I've been doing some reading on the evga forums and found out that you have to have another processor to flash to the P32 bios. 

http://www.evga.com/forums/tm.asp?m=230599&mpage=4&key=

I'm not planning on buying another processor just to update the bios, so I think I'll be looking for a different motherboard.

or maybe I could contact newegg and request that they send me a board with the bios already updated...


----------



## 0siris85 (Mar 5, 2008)

wow the wolfdale C2Ds are hard to find. I've been camping newegg since last night since they were supposed to be getting more today. So far all they have done is removed their (ETA 3/28) tag :sad:

About the motherboard...I found this Asus P5N-E and it kind of peaked my interest. What do you guys think about it? The newegg reviews are pretty horrible...over 50% are 4 stars or less. Yet most of the articles I've found reviewing the board stated that it was a very nice and stable board.

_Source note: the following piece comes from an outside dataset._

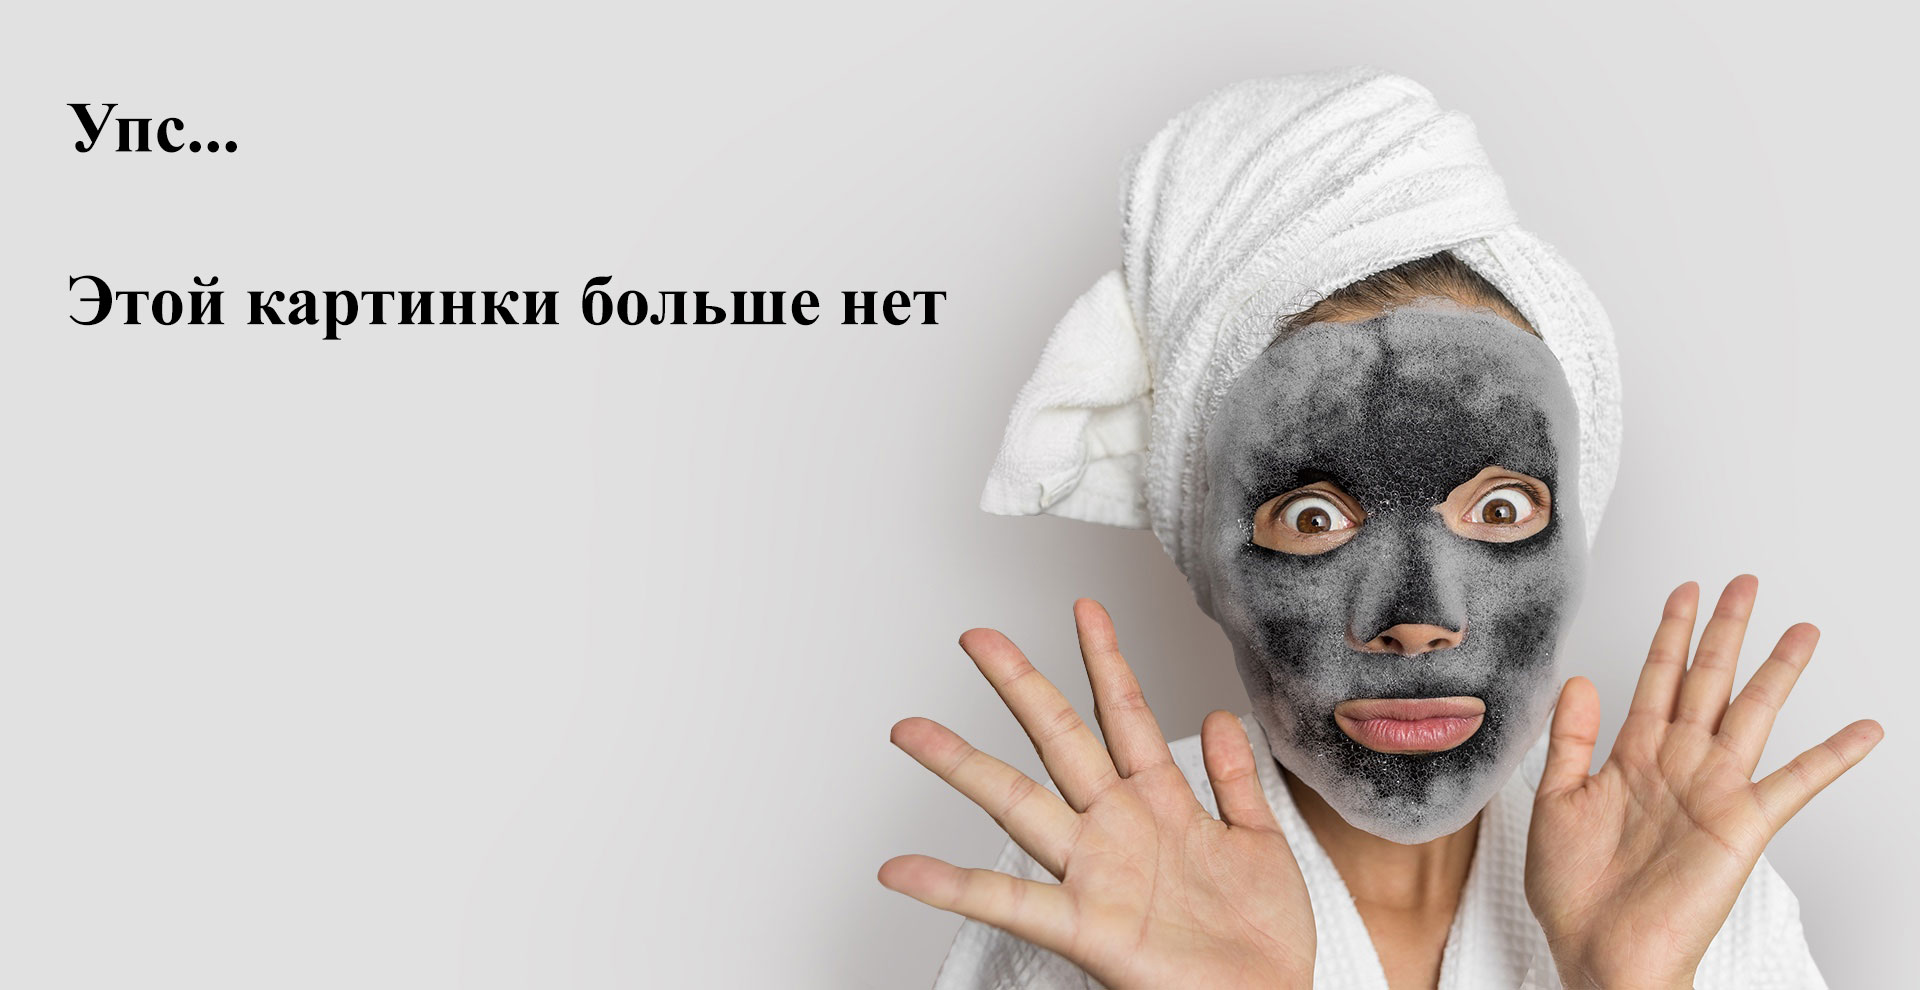 Skinlite, Маска-лифтинг для лица с коэнзимом Q-10, 1 шт

I'd like to look at the detailed specs of this board on the asus website but for some reason this laptop doesn't want to open their site :upset:


anyhoo, let me know what you guys think about that board :smile:


thanks in advance

Osiris


----------



## 0siris85 (Mar 5, 2008)

wohoo! just picked up an e8400 for $229 + shipping from www.antaresdigital.com

Let's hope it's a good batch number :scared:


----------



## 0siris85 (Mar 5, 2008)

Well the parts are slowly starting to arrive.

Just got the processor today, I'm expecting the motherboard tomorrow as well as the PSU. I'll order the ram today so everything should be here by friday or saturday.

I went with:

Intel e8400 (batch: Q750)
Gigabyte P35 D3SL (rev.2) for OOTB 45nm support.
OCZ Game X Stream 700W PSU.
eVGA 8800GT

Still undecided on the memory. The D3SL is supposed to support PC-8500 memory but I had some problems getting it to work on a C2Q machine. I think I'm gonna stick with PC-6400 to avoid the whole RMA drama (hopefully :tongue

I'll be keeping my old IDE hard drive and CD drives. Which reminds me...is it possible to hook up an IDE hard drive and a IDE DvD drive with one cable? I know you could connect 2 of the same device, but is it possible to connect 2 different devices?

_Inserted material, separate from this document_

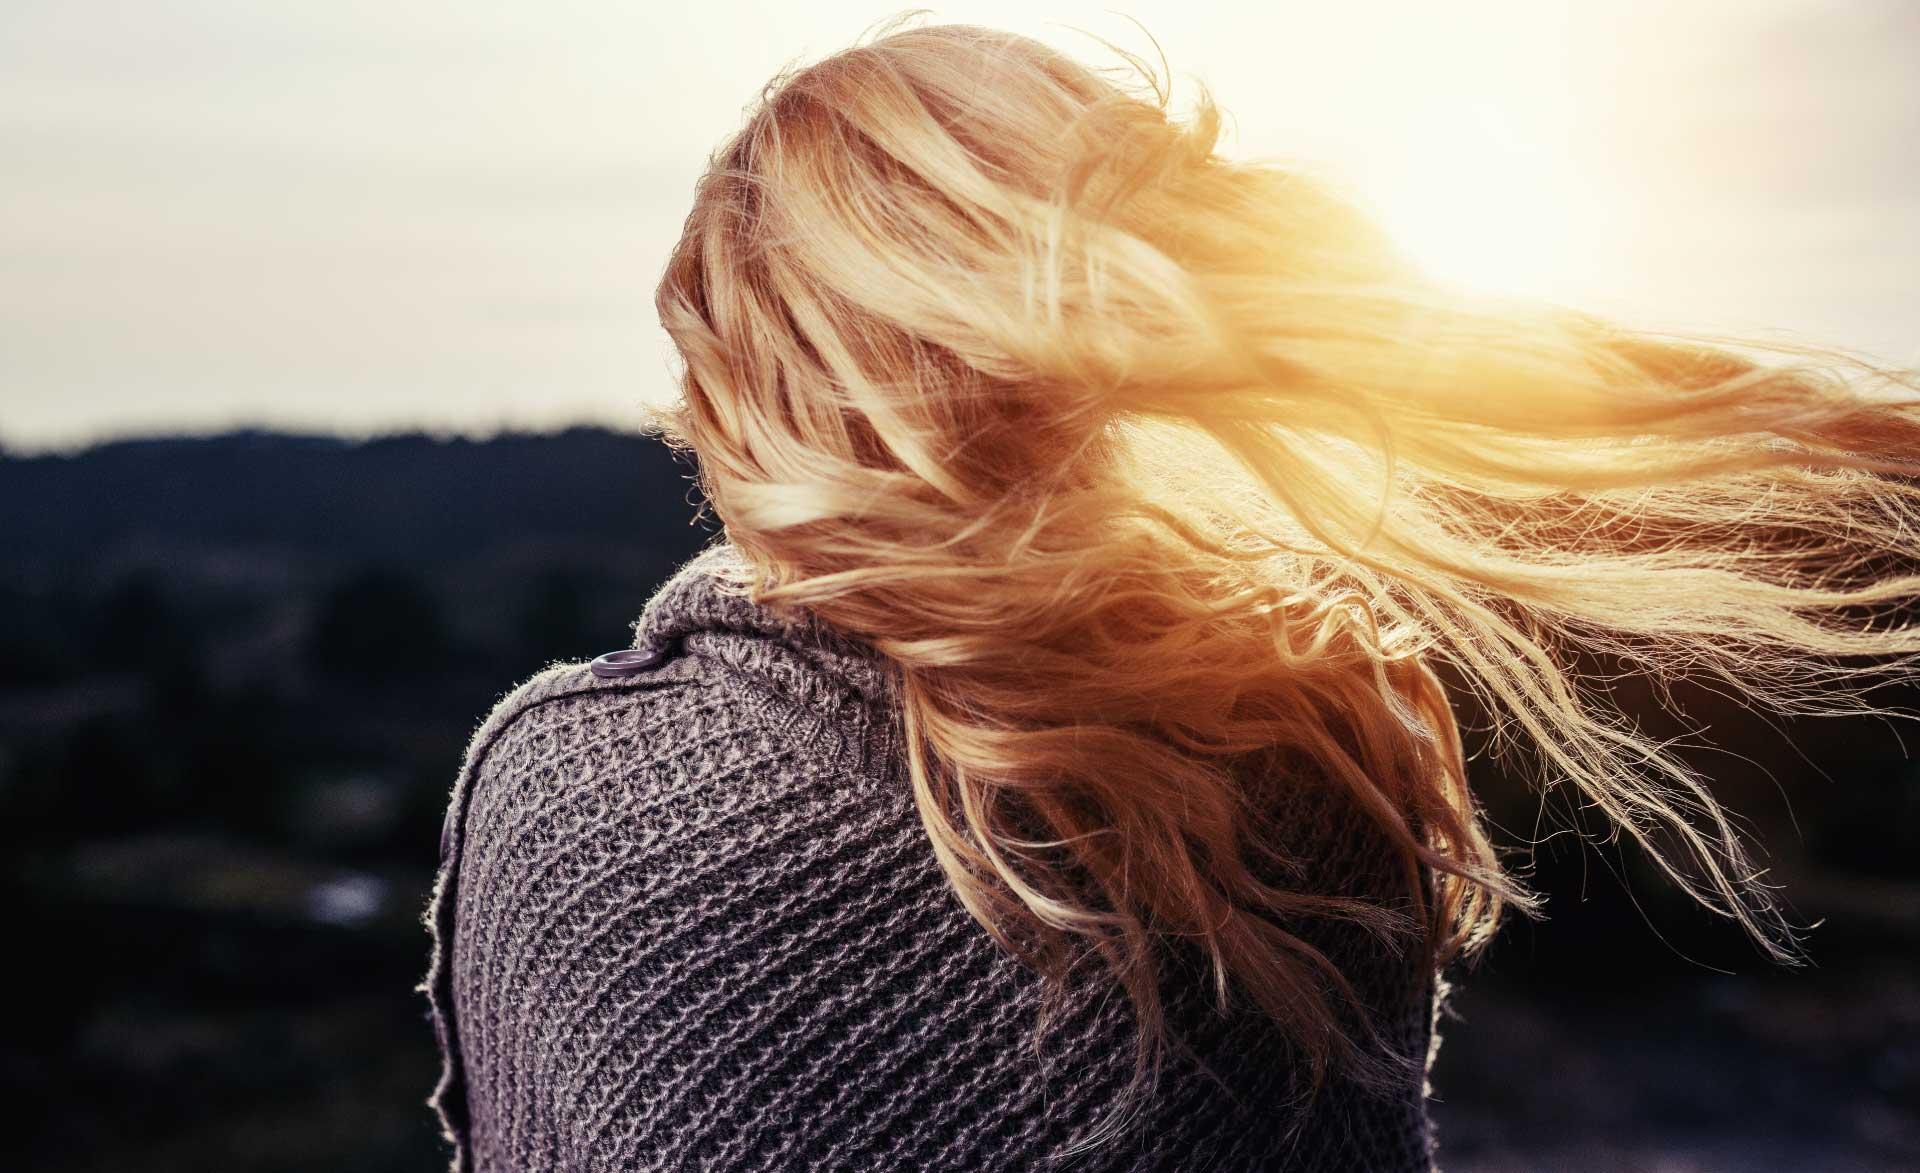 protesi capelli donna ferrara su misura impianto capillare membrana parrucca femminile patch cutanea

Thanks for all the help :smile:


----------



## redsunx (Apr 5, 2007)

No problem on having the two drives on the same channel, just make sure they're on Master and Slave. As for RAM it's up to you, on a few other forums we've come to the conclusion qaunity>speed... as for the DS3L, it's great board. I had to use it sine my Blood Iron just decided to quit trying. Anyways, have fun!


----------



## 0siris85 (Mar 5, 2008)

I decided to go with the Mushkin 2x2GB Dual Channel Kit. I've never tried Mushkin before, but they seem to get good reviews and have a decent base of happy customers. I hope I won't be disappointed.

Unfortunately the PSU won't be here until monday :upset: so I won't be able to get to work on the machine until then 

I'll post updates when I get it all together :smile:


----------



## 0siris85 (Mar 5, 2008)

Just need to run prime95 for a few hours and I can dub the machine stable :smile:

I'm running 44-45*C idle, I think that's respectable for a stock HSF.


----------



## redsunx (Apr 5, 2007)

Replace the goop on the HSF, the temps should drop rather well.


----------



## 0siris85 (Mar 5, 2008)

yeah, I repasted it with some AS5.

There's only one thing that is bugging me...when I open up my system properties it is telling me that I have 3.50GB of RAM installed...when I actually have 4GB. Why is it telling me that?


----------



## redsunx (Apr 5, 2007)

Uhh, kinda just noticed it says "Pentium III 3000Mhz", anyways, if you're using a 32bit OS all 4GB of won't show up. It has 4GB's of address space. So 4GB-512VRAM from graphics=3.5 GB's of memory.


----------



## 0siris85 (Mar 5, 2008)

yeah, in memtest it says Pentium III for some reason, any idea why?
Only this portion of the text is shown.